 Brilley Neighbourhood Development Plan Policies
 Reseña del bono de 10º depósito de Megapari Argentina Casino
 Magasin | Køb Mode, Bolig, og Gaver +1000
---
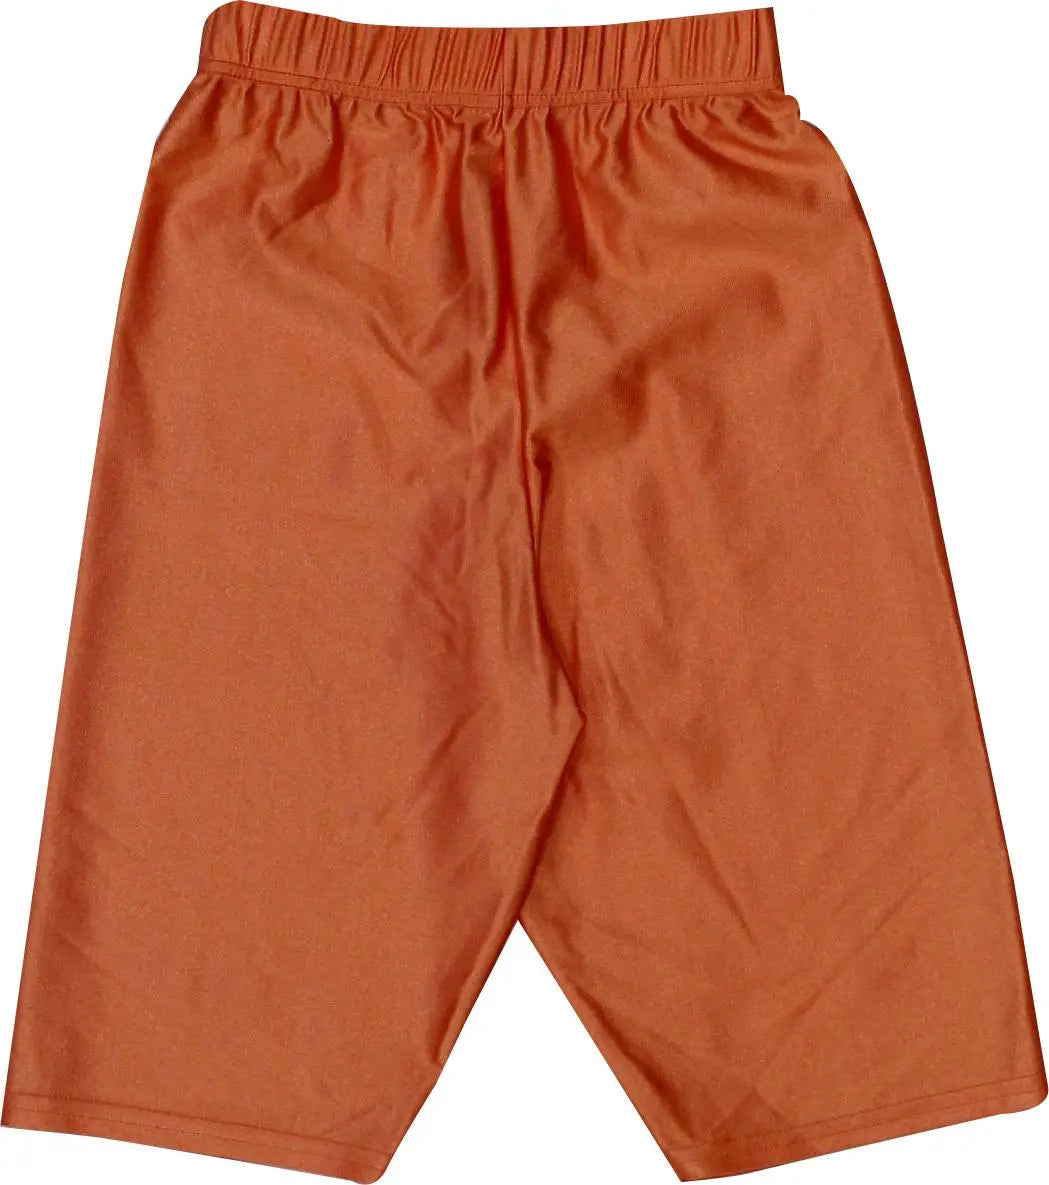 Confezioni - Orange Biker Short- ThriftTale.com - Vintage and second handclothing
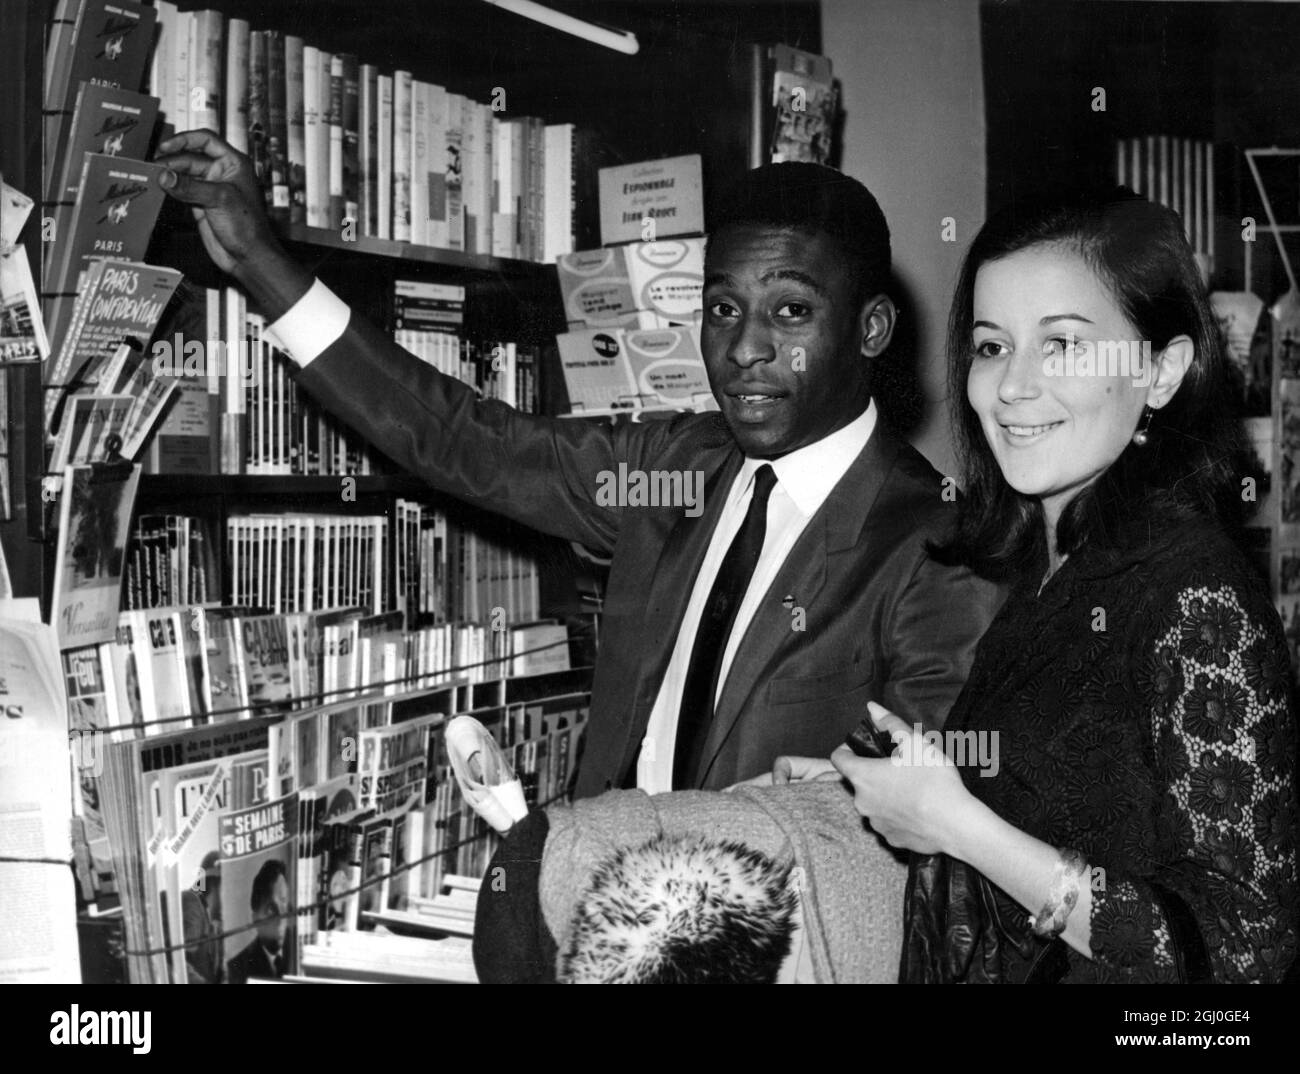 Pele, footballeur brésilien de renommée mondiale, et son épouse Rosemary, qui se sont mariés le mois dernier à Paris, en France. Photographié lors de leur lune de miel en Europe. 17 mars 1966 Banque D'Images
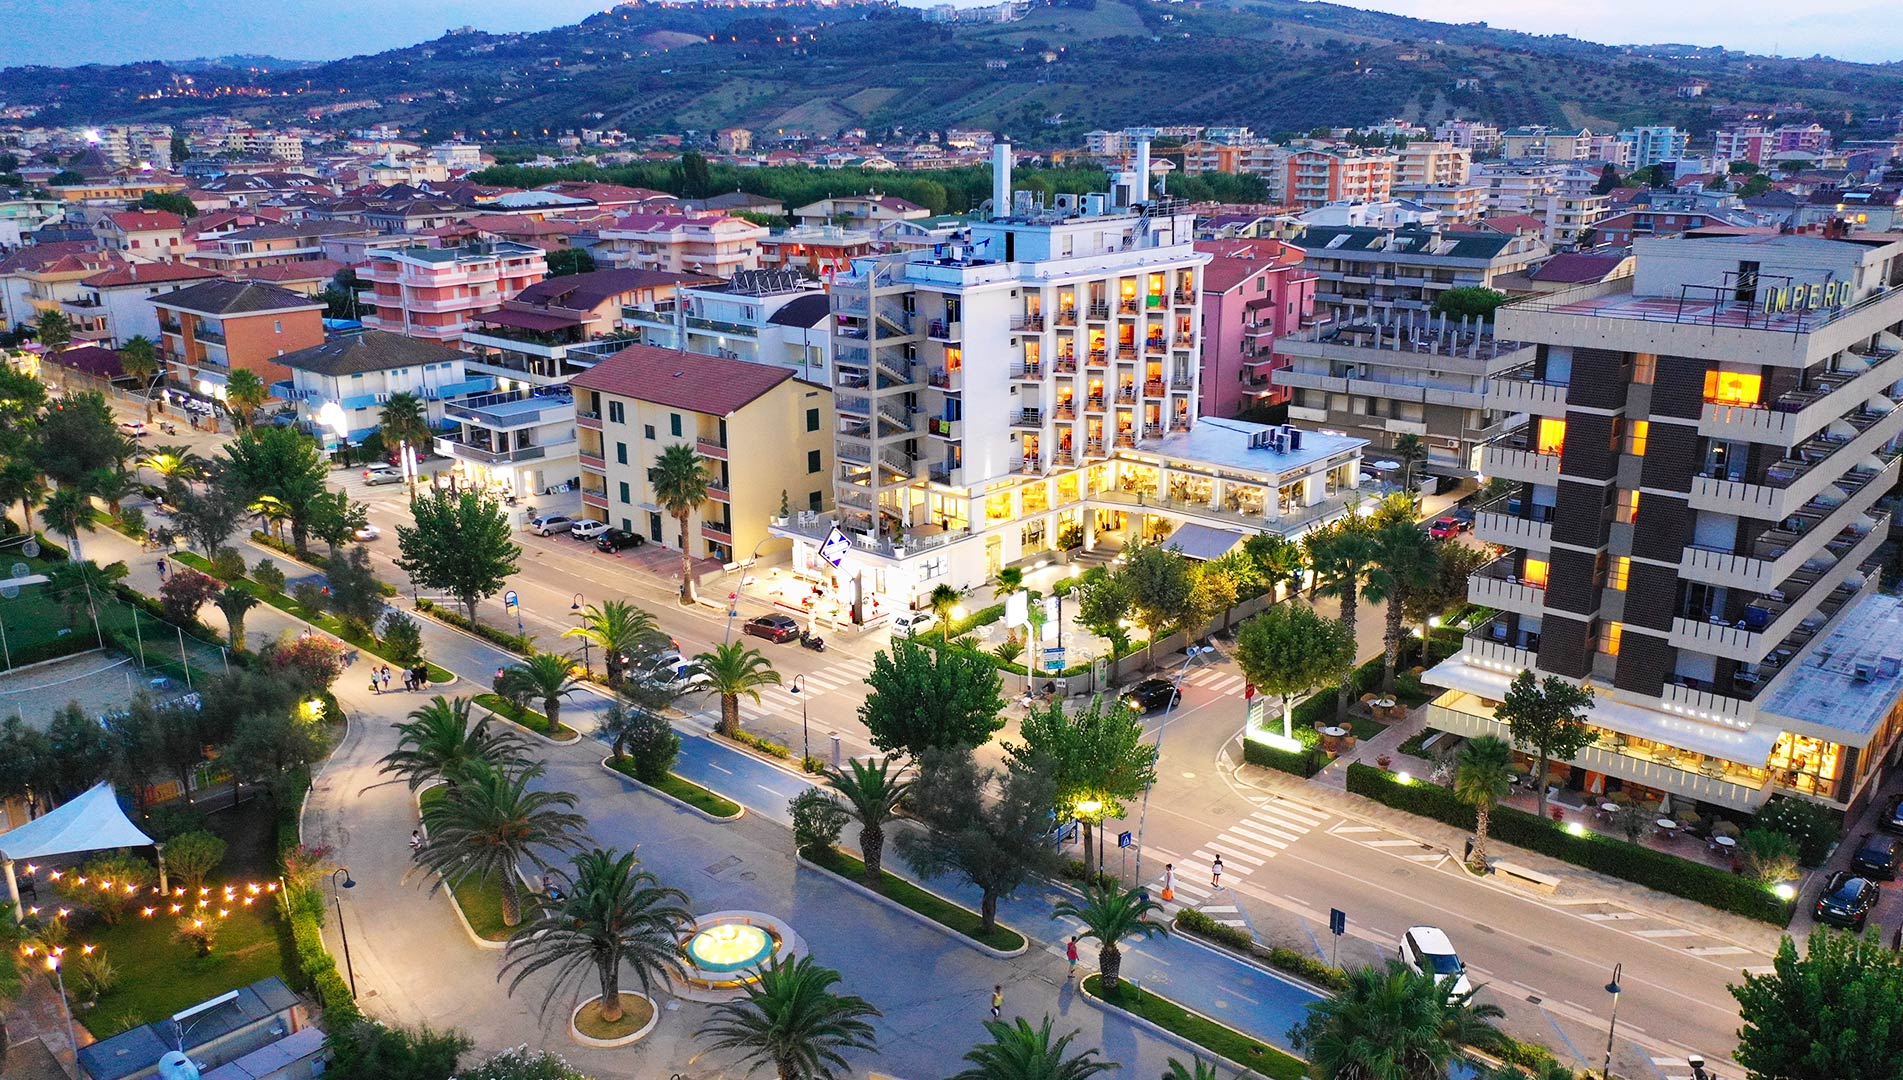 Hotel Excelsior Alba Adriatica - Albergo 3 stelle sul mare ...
...
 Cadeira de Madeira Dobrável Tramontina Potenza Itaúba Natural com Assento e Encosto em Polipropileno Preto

◆ **Exercise brief**: In the listing above, locate the line containing "Brilley Neighbourhood Development" and the line containing "Magasin | Køb Mode, Bolig, og Gaver +1000". Transcribe those two lines and everything between them, exactly as written.

◆ **Exercise output**:
 Brilley Neighbourhood Development Plan Policies
 Reseña del bono de 10º depósito de Megapari Argentina Casino
 Magasin | Køb Mode, Bolig, og Gaver +1000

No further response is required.